Круглянский мост
Шрифт:
Вспоминая то время, Степка всякий раз приходил в волнение от давней, застаревшей обиды, как бы снова переживая страшную зиму своего бесправного существования – без документов, на подозрении, среди чужих людей. Но и в Витебске жить было невозможно – завод закрылся, общежитие молодых строителей реквизировали под немецкое учреждение, и, чтобы не пропасть с голоду, он отправился в деревню под Лепель, где, помнил, была какая-то родственница, полузабытая тетка Степанида. Идти пришлось все время пешком, в конце поздней ненастной осени; его парусиновые туфли скоро разлезлись, он простыл и однажды, заночевав в крайней от оврага хатенке с обмазанными глиной углами, так и не поднялся утром. Участливая к чужой беде бабка Устинка выходила его, отогрела под кожушком на печи, отпоила липовым наваром, и он дальше уже не пошел, волей-неволей
...Маслаков с Бритвиным задерживались, не шли и не звали, Данила вроде уже и похрапывал под шапкой. Степка ногой раза два тихонько толкнул его лапоть – Данила прохватился, в сонном недоумении глянул туда-сюда и, успокоясь, снова лег на спину.
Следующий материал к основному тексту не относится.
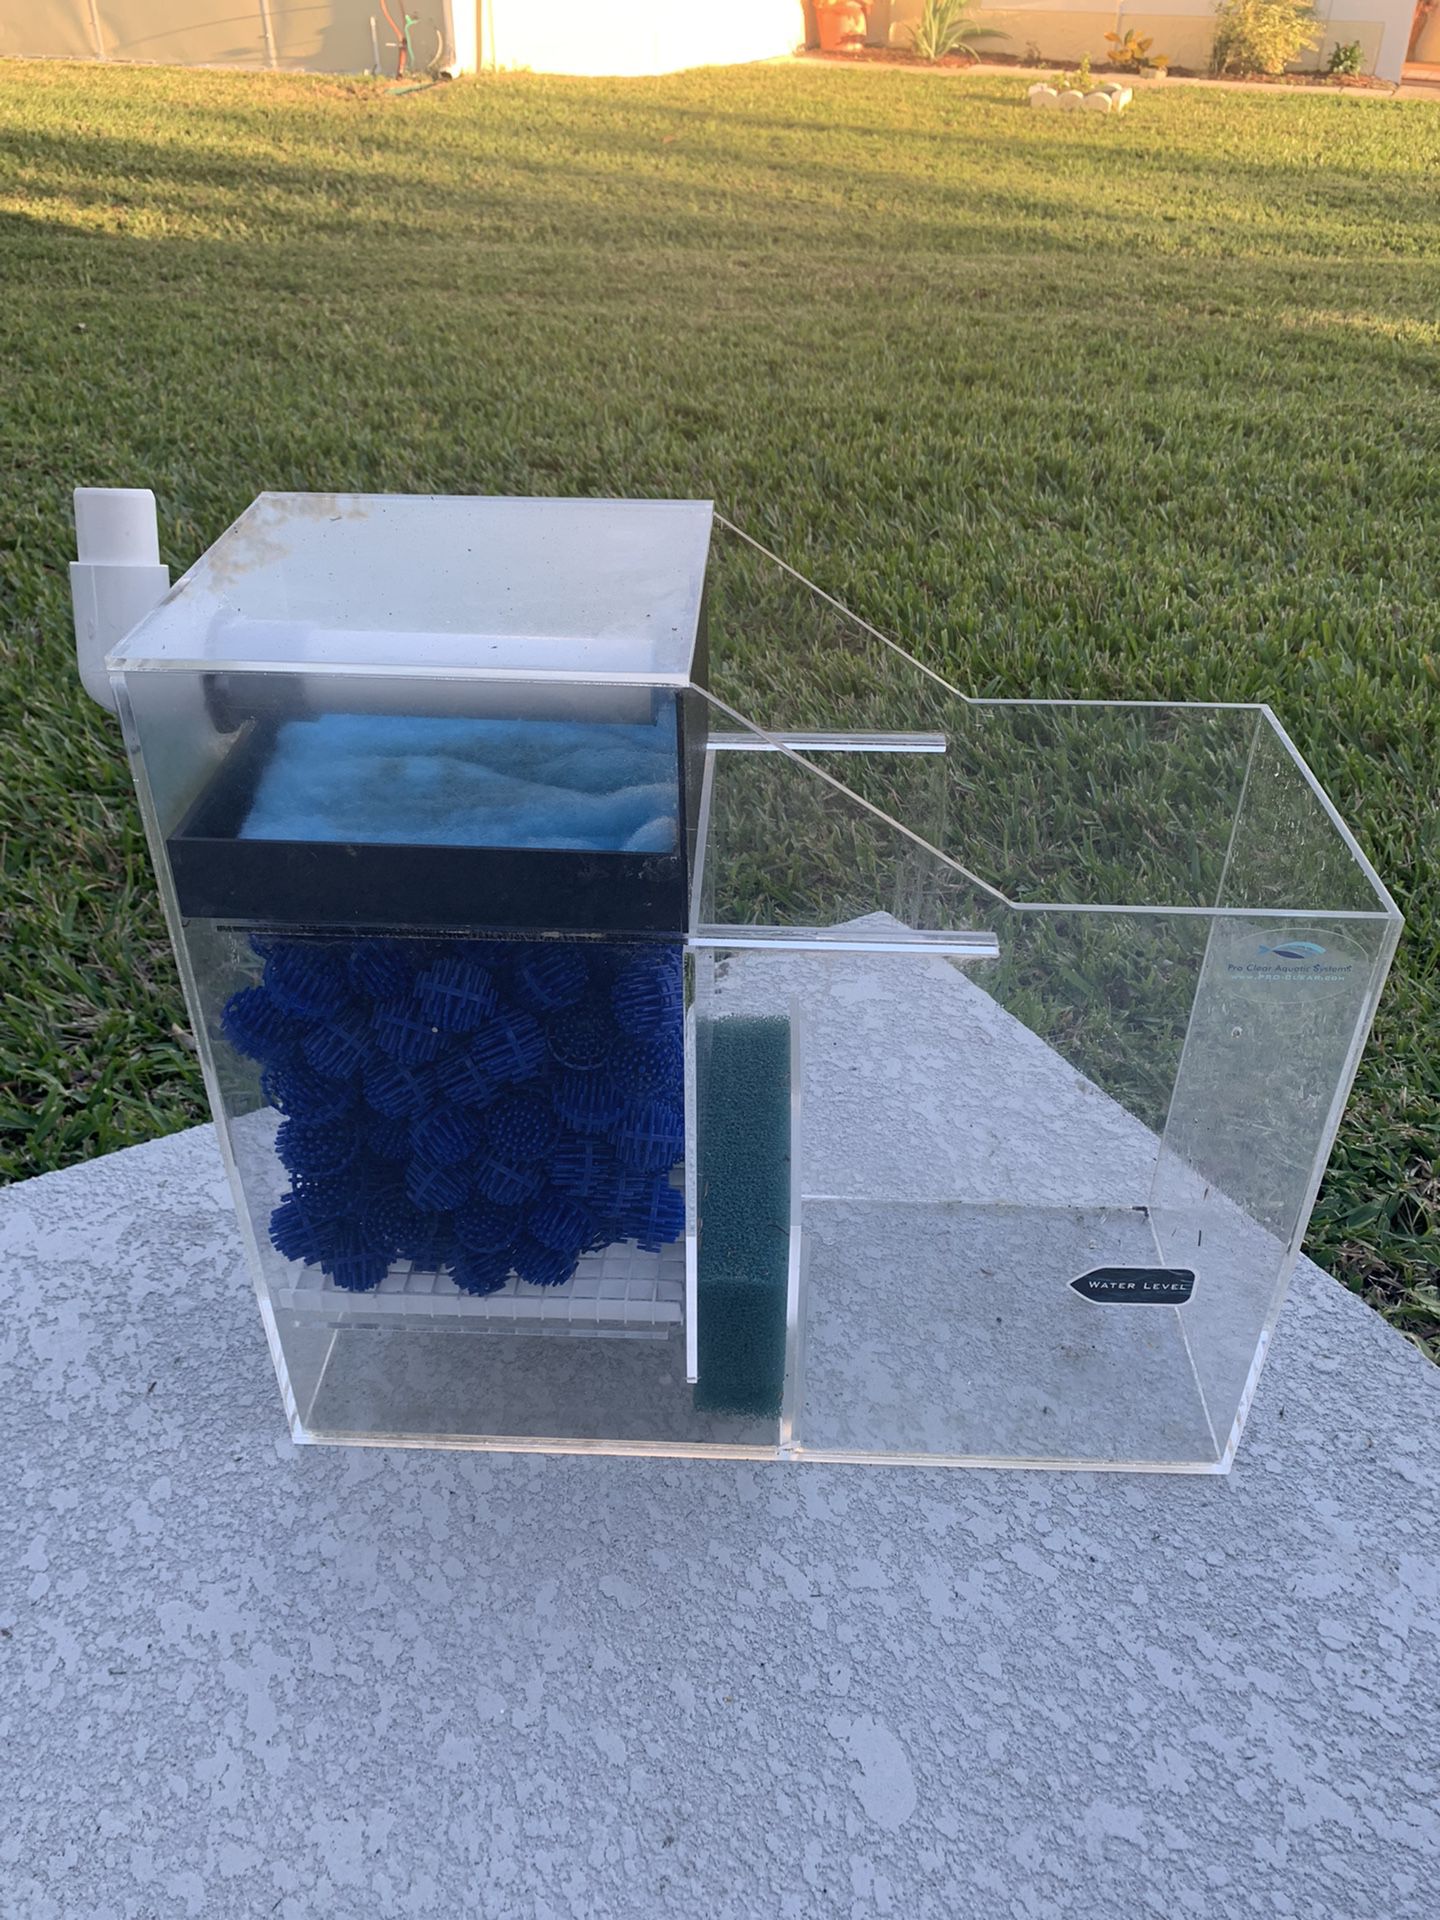 Aquarium Acrylic Sump Filter By Proclear

Степка подкрутил на сапоге провод, поковырял щепкой землю, потом занялся винтовкой. Сначала приоткрыл затвор – рукоятка упруго и беззвучно повернулась на скосе, – из щели магазинной коробки с готовностью выглянули острые носки пуль. Не досылая их в патронник, Степка осторожно задвинул затвор. Потом достал сточенный довоенный сельповский ножик с плоским металлическим черенком и от нечего делать поскреб ложу. Из-под грязи, остатков счерневшего лака и смазки полосами засветилось крепкое сухое дерево, и Степка почти с увлечением взялся скоблить-обновлять грязный почерневший приклад.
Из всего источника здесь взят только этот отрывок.